The Good Life – Naomi’s catchphrase is all too accurate (pic: Playism)

The creator of Deadly Premonition returns with a bizarre tale of animal transmogrification set in an open world recreation of Lancashire.

Deadly Premonition holds the Guinness World Record for the most critically polarising survival horror game. That’s a pretty silly record but it’s a reminder that when the game was originally released, in 2010, it was not universally appreciated. It’s easy to understand why given what a shambles it was on a technical level, with terrible graphics and controls. However, it was also one of the most ambitious interactive narratives of the Xbox 360 era and its weird characters and Twin Peaks influence felt perfectly in step with the janky presentation.

How much of that was accidental and how much by design has always been unclear but we remember interviewing Hidetaka ‘SWERY’ Suehiro after the launch and finding out how much the initial 2/10 review from IGN had upset him. Other reviews, including our own, were much more positive and yet now, sadly, we find ourselves taking the opposite position when it comes to this, his latest game.

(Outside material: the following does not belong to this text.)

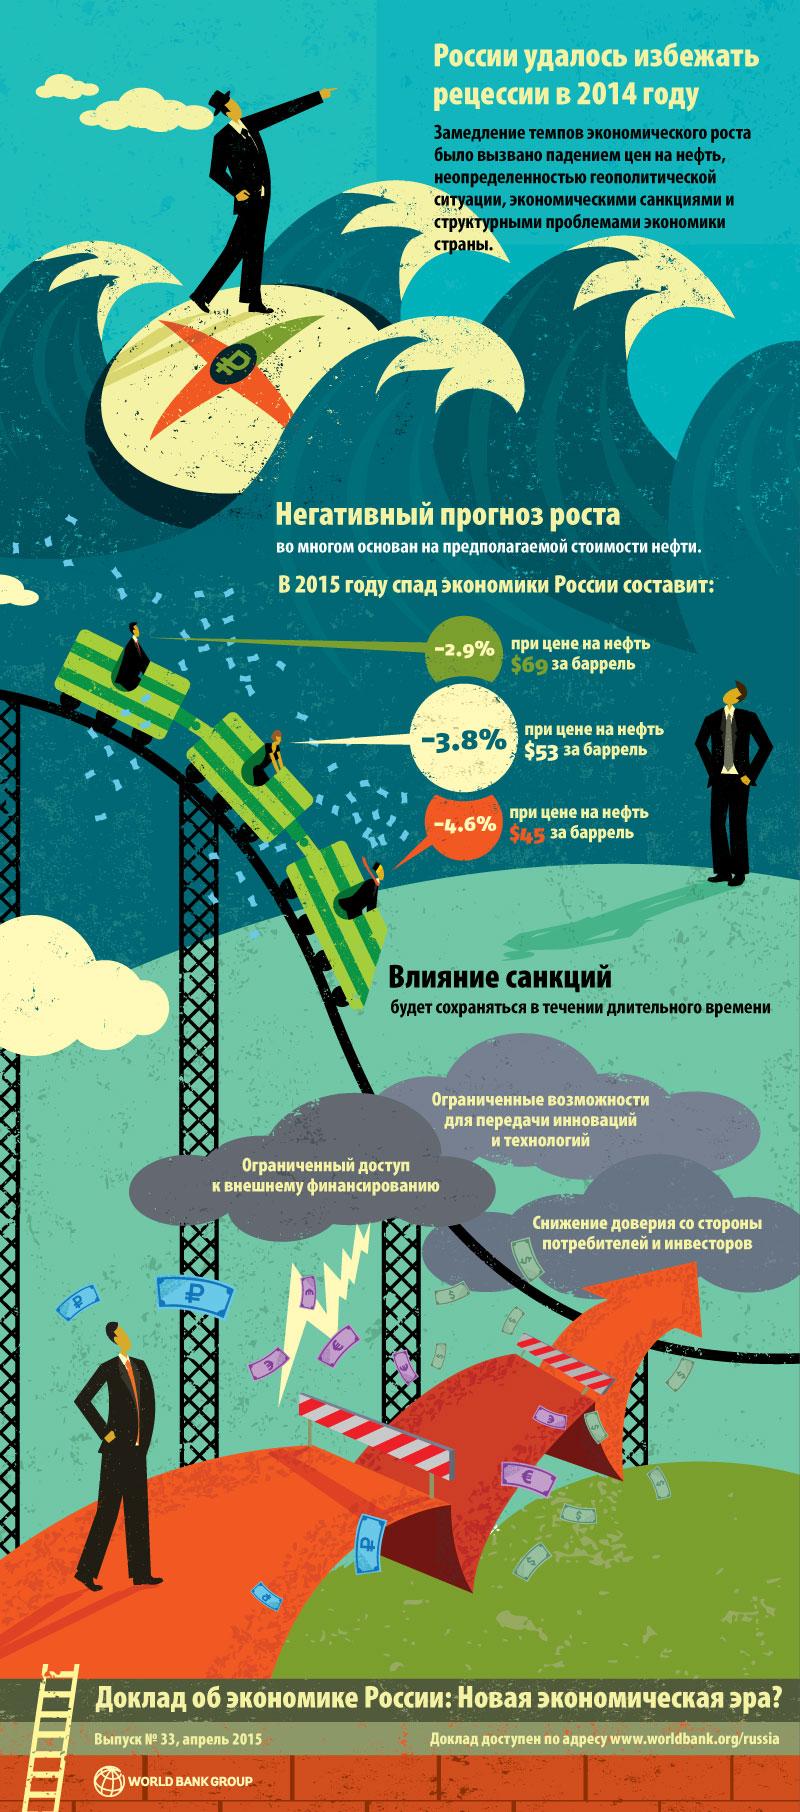 Доклад об экономике России Новая экономическая эра  Загрузить текст доклада в pdf

The Good Life shares much in common with Deadly Premonition, with a large open world map, quirky characters, and a supernatural theme. Given how bad Deadly Premonition 2 was at launch it’s no surprise to find the game’s also a complete mess in terms of graphics and gameplay. Unfortunately though, this time the story and characters cannot save it.

The Good Life was initially inspired by SWERY’s visit to the UK publisher of Deadly Premonition, who are based in Hertfordshire. The game itself though is set in the Greater Manchester countryside, in the fictional town of Rainy Woods (a reference to the proto-version of Deadly Premonition) and encompassing the non-fictional Eccles.

You play as New York photojournalist Naomi Hayward, who is massively in debt and takes a job to uncover the secrets of Rainy Woods, which is described as the ‘happiest town in the world’. She quickly discovers that part of the secret involves the populace transforming into either dogs or cats at night, an ability she almost immediately gains and is able to use whenever she wants.

Rather than promoting this fact to the world, which would surely solve her money problems, she then delves deeper into the history of the town, as the plot begins to encompass Arthurian legend, Nerlock Homeless – the world’s second best private detective, and local legends about vampires and knights that use sheep as steeds (or shteeds as the game has it).

That all sounds appropriately SWERY-esque but the unfortunate truth is that none of it is any fun. The script has none of the colour or ambition of Deadly Premonition, with very little voice acting and generally only short snippets of disappointingly weak dialogue. The game frequently breaks the fourth wall to mock the conventions of gaming but having to constantly go out on mindless fetch quests does not get a free pass simply because you acknowledged how inane it is beforehand – a mistake many a badly written video game makes.

Some of the characters are quite amusing, like the roaming butler who is clearly a sheep and an egotistical novelist, but they’re still very superficial and while Naomi is a fairly sympathetic protagonist she still struggles to pass as anything more than one-dimensional.

The Good Life – not a good racer (pic: Playism)

How much SWERY knows about the UK is open to debate as while there are references to things like Marmite and Bruce Forsythe catchphrases, most of the details just sound like something he read on Wikipedia and didn’t quite get the gist of – similar to his obsession with Boston in D4: Dark Dreams Don’t Die. The unlikely mix of regional accents is an immediate red flag but the only thing we got annoyed with is that a lack of free health care is a major gameplay feature (emergency treatment for visitors is still free on the NHS).

The contrast between Naomi and the villagers is never played up properly and nobody feels like a proper character, especially given how dire the graphics are. Although Naomi’s slightly better, in that she has a few different facial expressions, everyone else looks like they’ve escaped from a N64 game, as they constantly cycle the same few seconds of animation while looking like a badly drawn Viz character.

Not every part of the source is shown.